▶ **What is expected**: Copy out the data word for word, without any of its pictures.
(Raw data)
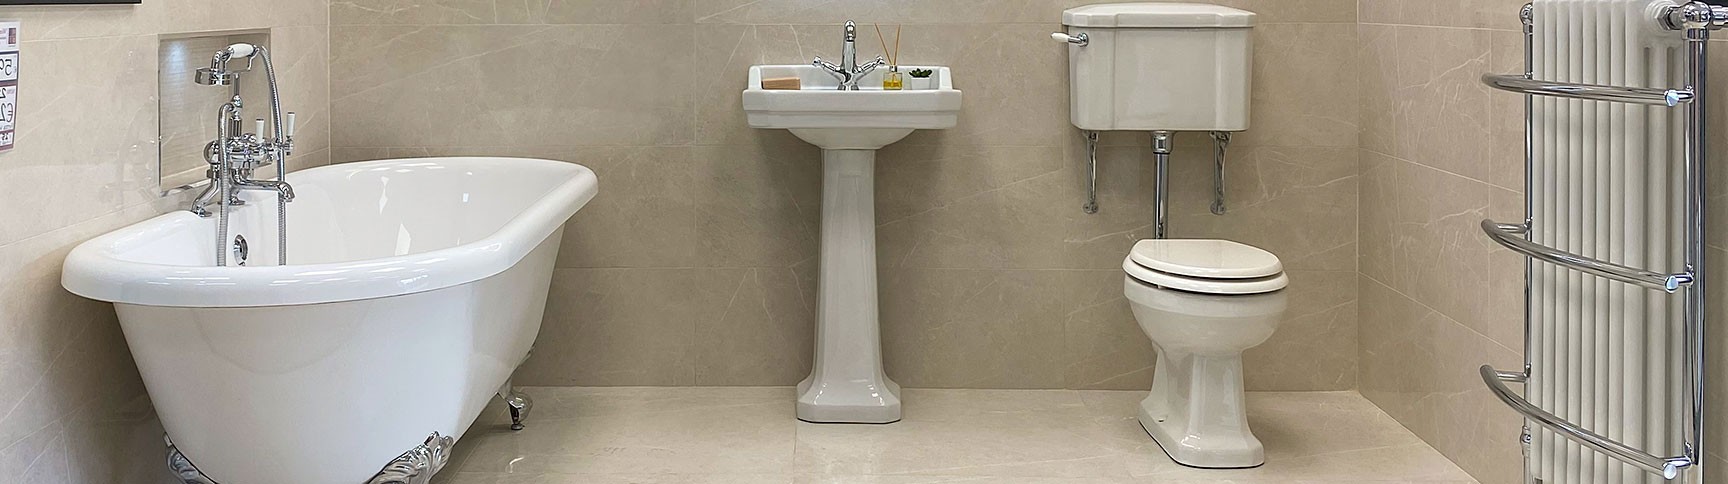 Traditional Toilets & Old Fashioned Toilets | World of Tiles
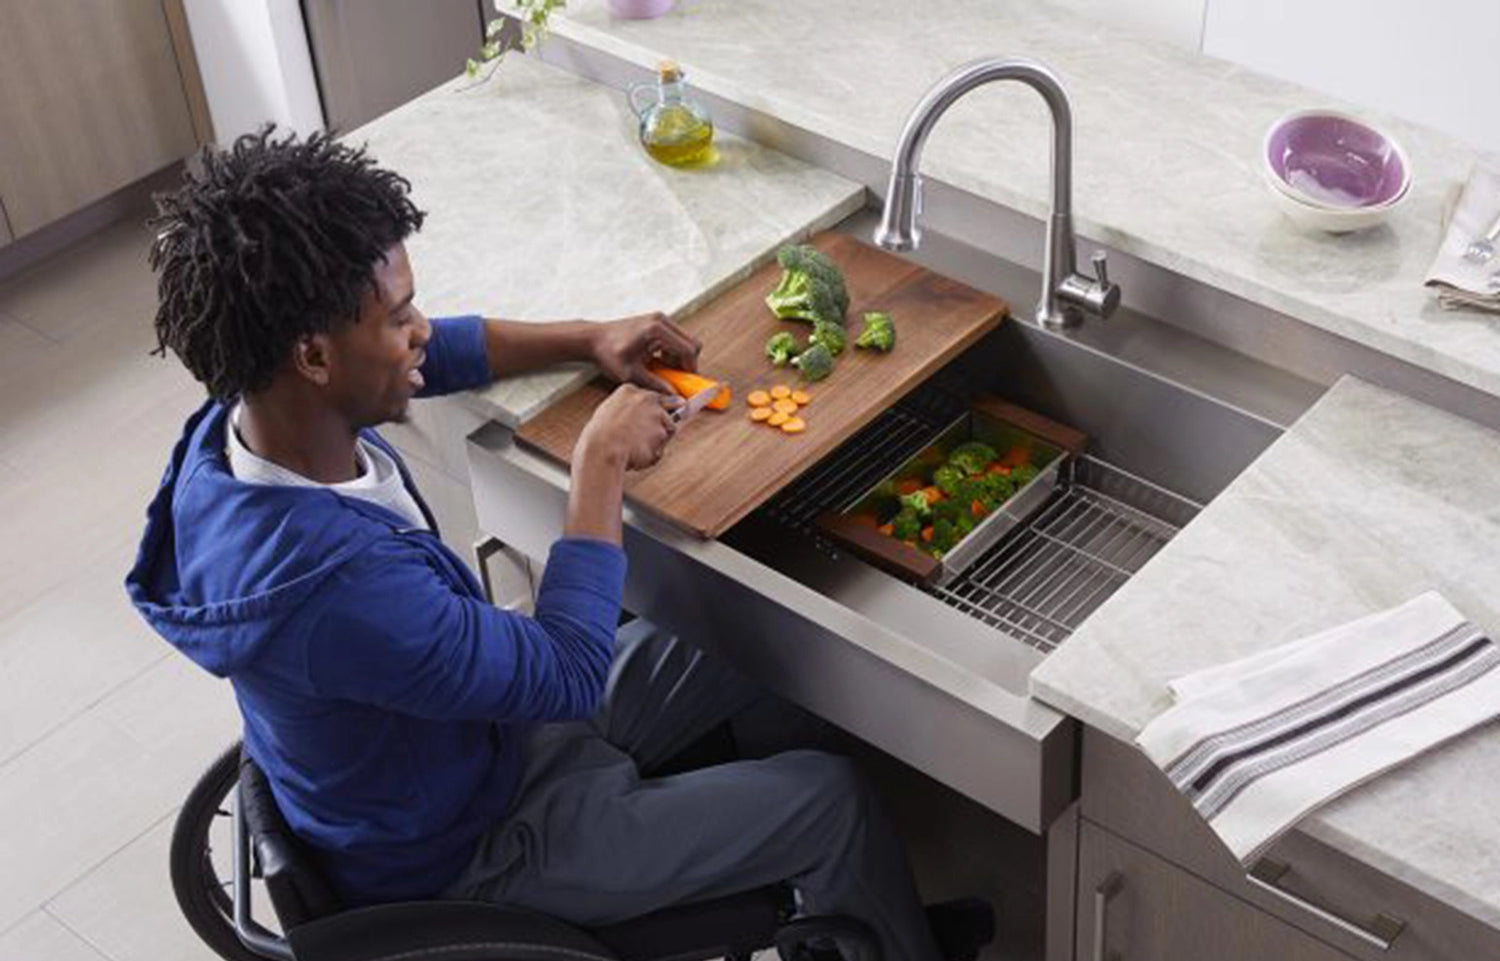 A boy in a wheelchair is slicing vegetables on a wooden cutting board, utilizing an ADA-compliant kitchen sink.
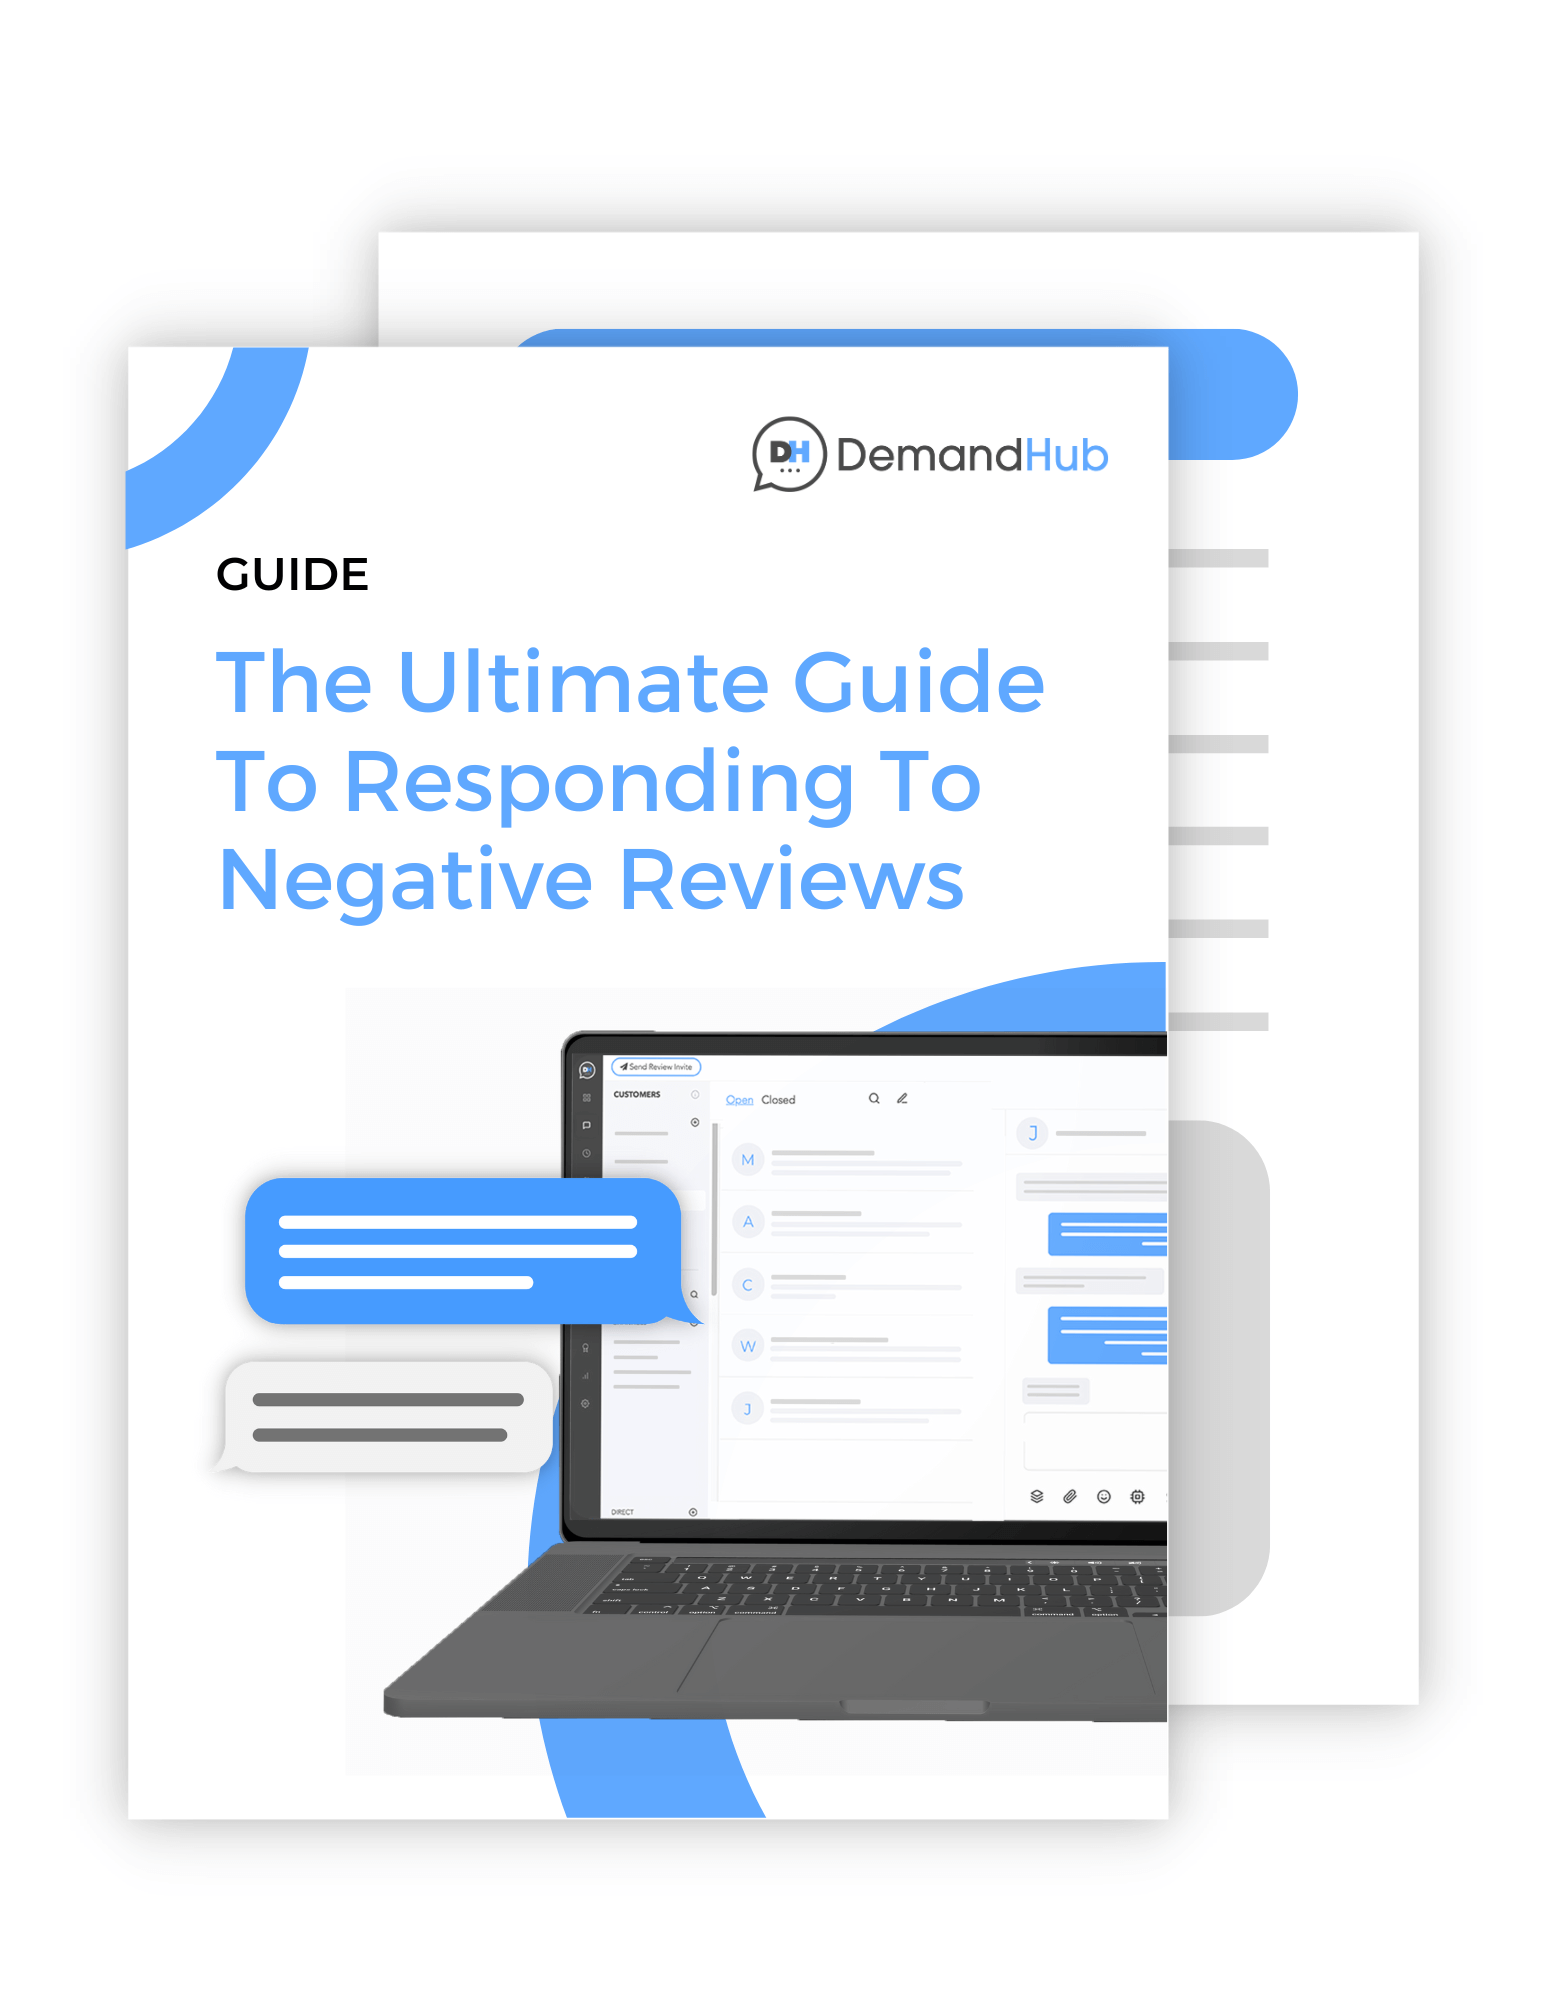 The Ultimate Guide to Responding to Negative Online Customer Reviews
(End Raw data)
▶ **Answer to this task**:
 Traditional Toilets & Old Fashioned Toilets | World of Tiles
 A boy in a wheelchair is slicing vegetables on a wooden cutting board, utilizing an ADA-compliant kitchen sink.
 The Ultimate Guide to Responding to Negative Online Customer Reviews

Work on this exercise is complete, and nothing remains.